Is there any configuration available for existing enterprise connectors to collate the data (coming from source and before going to kafka topic) into small batches(technically Microbatches

Problem Statement : Need to do some reconciliation for streaming data received via Confluent Kakfa. for this my idea was to create Micro batch id for streaming data before they are being pushed to Kafka topics and get metadata separately from source. So is there any configuration available for existing connectors to add some Micro batch id to the messages to tag them based on certain duration. so that I can use them against metadata being received from Source.

Or do we have to go with custom code for producers and consumers ?

There isn’t a connector that I know that will satisfy your need.

I’ve worked with folks to make this happen. Connect isn’t really the place to do this. Connects ability to do logic isn’t as full featured as a stream processor. It’s better to have a separate stream processor for reconciliation.

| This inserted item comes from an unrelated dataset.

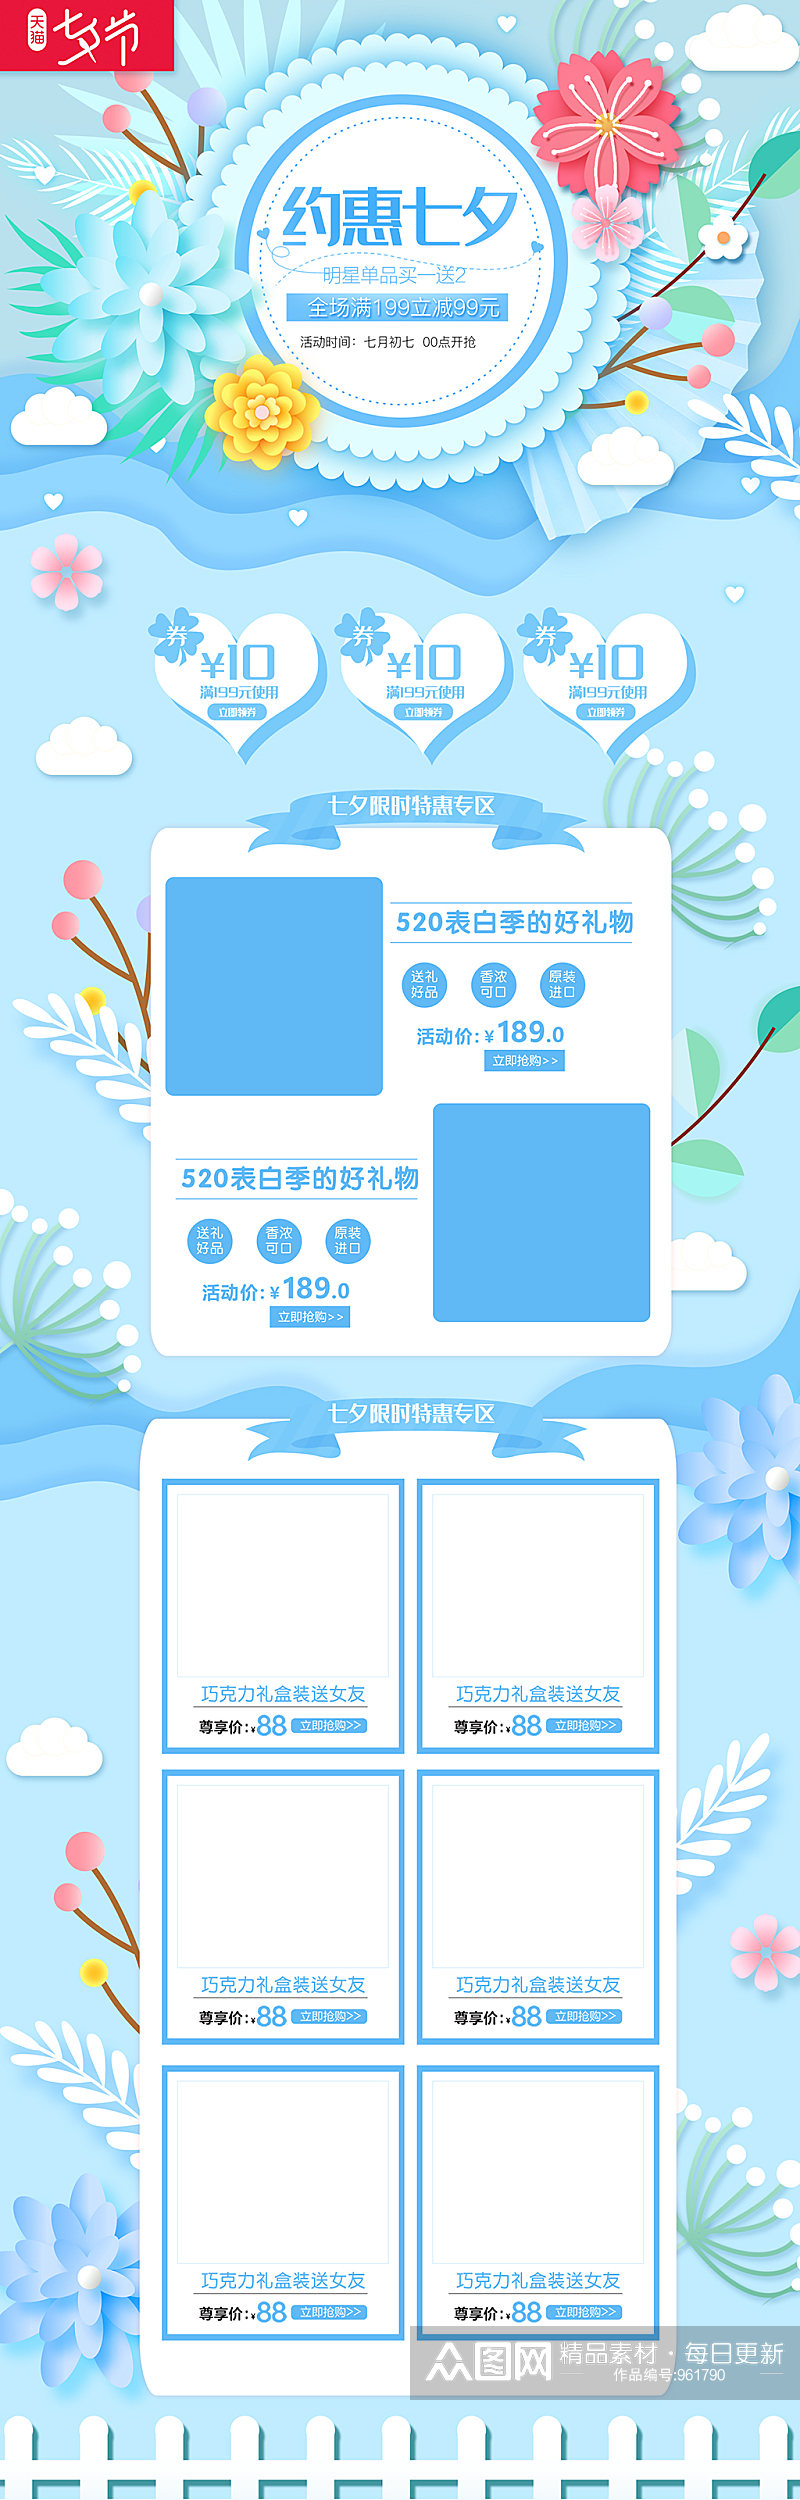 约惠七夕情人节促销活动首页设计素材

Your other option, is to modify the source connector to produce the IDs that you need, and then have a separate task read those and implement your logic.

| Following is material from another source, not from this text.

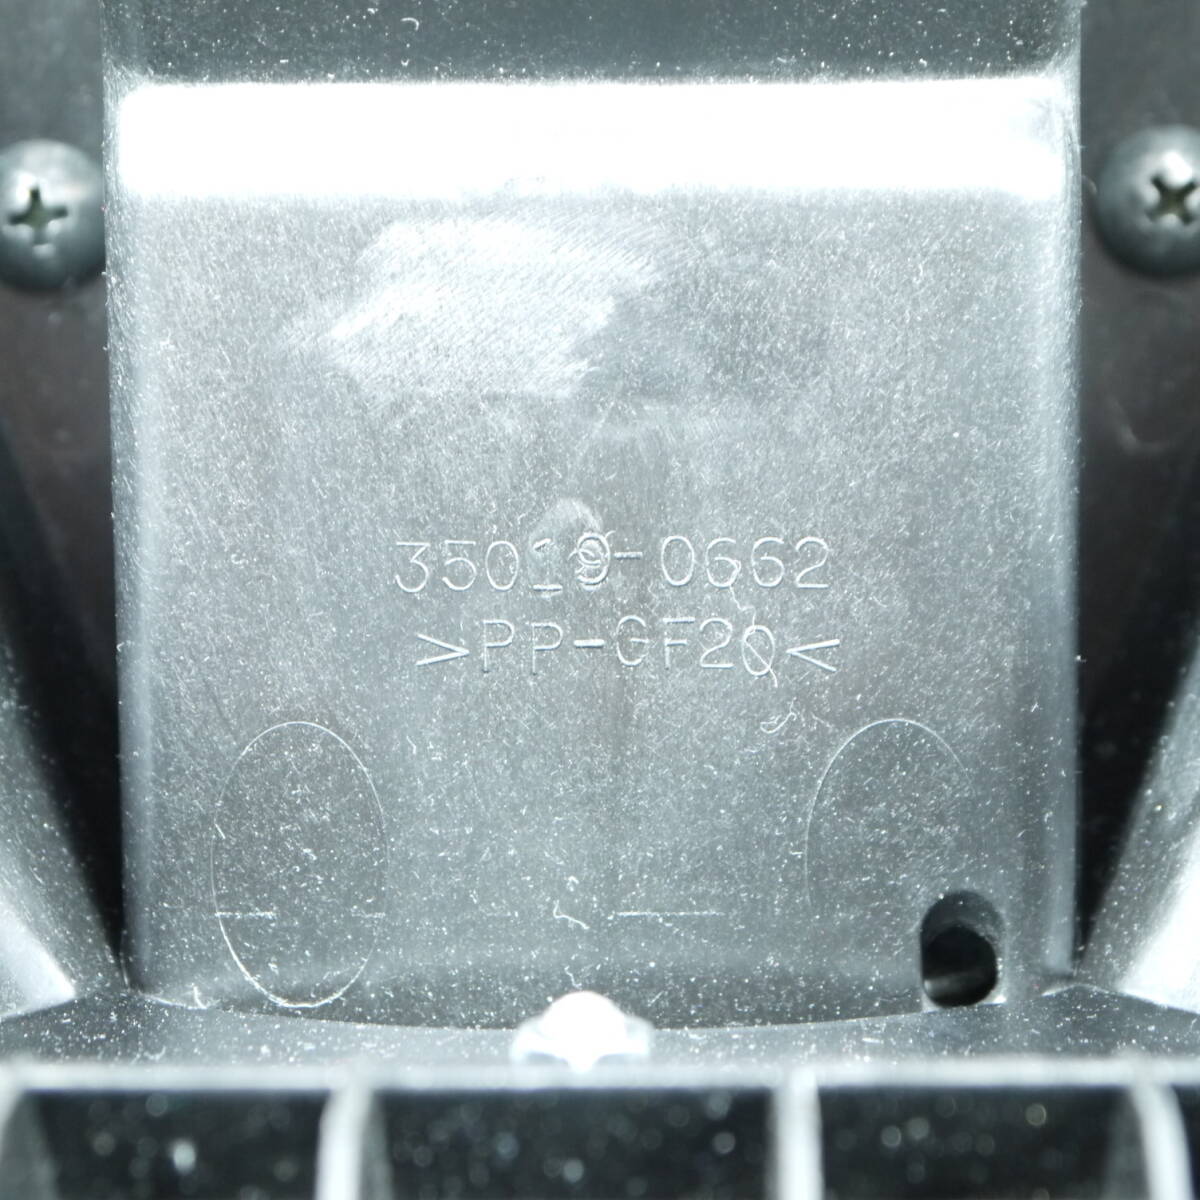 カワサキ Z900RS 純正リアフェンダー 35019-0662(BC1311)_画像6

Thanks @mitchell-h for your response.

When you say modify the source connector to produce the ids. Is there any way to do that. I couldn’t find any configurations for the same where we can modify. If you provide some examples how do we do that that would be really great. I want a way so that in lets say for source connector for Salesforce where a set of messages can be batched together and can be tagged with a microbatch id and etl timestamp.

that depends on the connector, some have the source code available some do not. Also some have a license that allows you to modify the source, some do not. Best bet is to check Home | Confluent Hub for the connector you want to modify and find out if the source is there and modify-able.

Hi,

If I understand " add some Micro batch id to the messages to tag them based on certain duration" properly as “add some additional information to the value or key of the record” then I think there is no need to modify a connector.
In that case SMTs (Get started with Single Message Transforms for self-managed connectors | Confluent Documentation) can do the job for you.

for example by using Common Transformations — Kafka Connect Connectors 1.0 documentation - to be more specific TimestampNowField — Kafka Connect Connectors 1.0 documentation can be used to just add a timestamp to the message or to the key.
==> That would be part of your kafka connector configuration without any need to touch the code

If you do not find something ready2use for your purpose in the kafka ecosystem you can also write your own SMT quite easily → Single Message Transforms in Kafka Connect

If you want to learn more about SMTs I can recomment the " Twelve Days of SMT" series from rmoff - seems his blog lacks of tags … go to rmoff.net and search for it ^^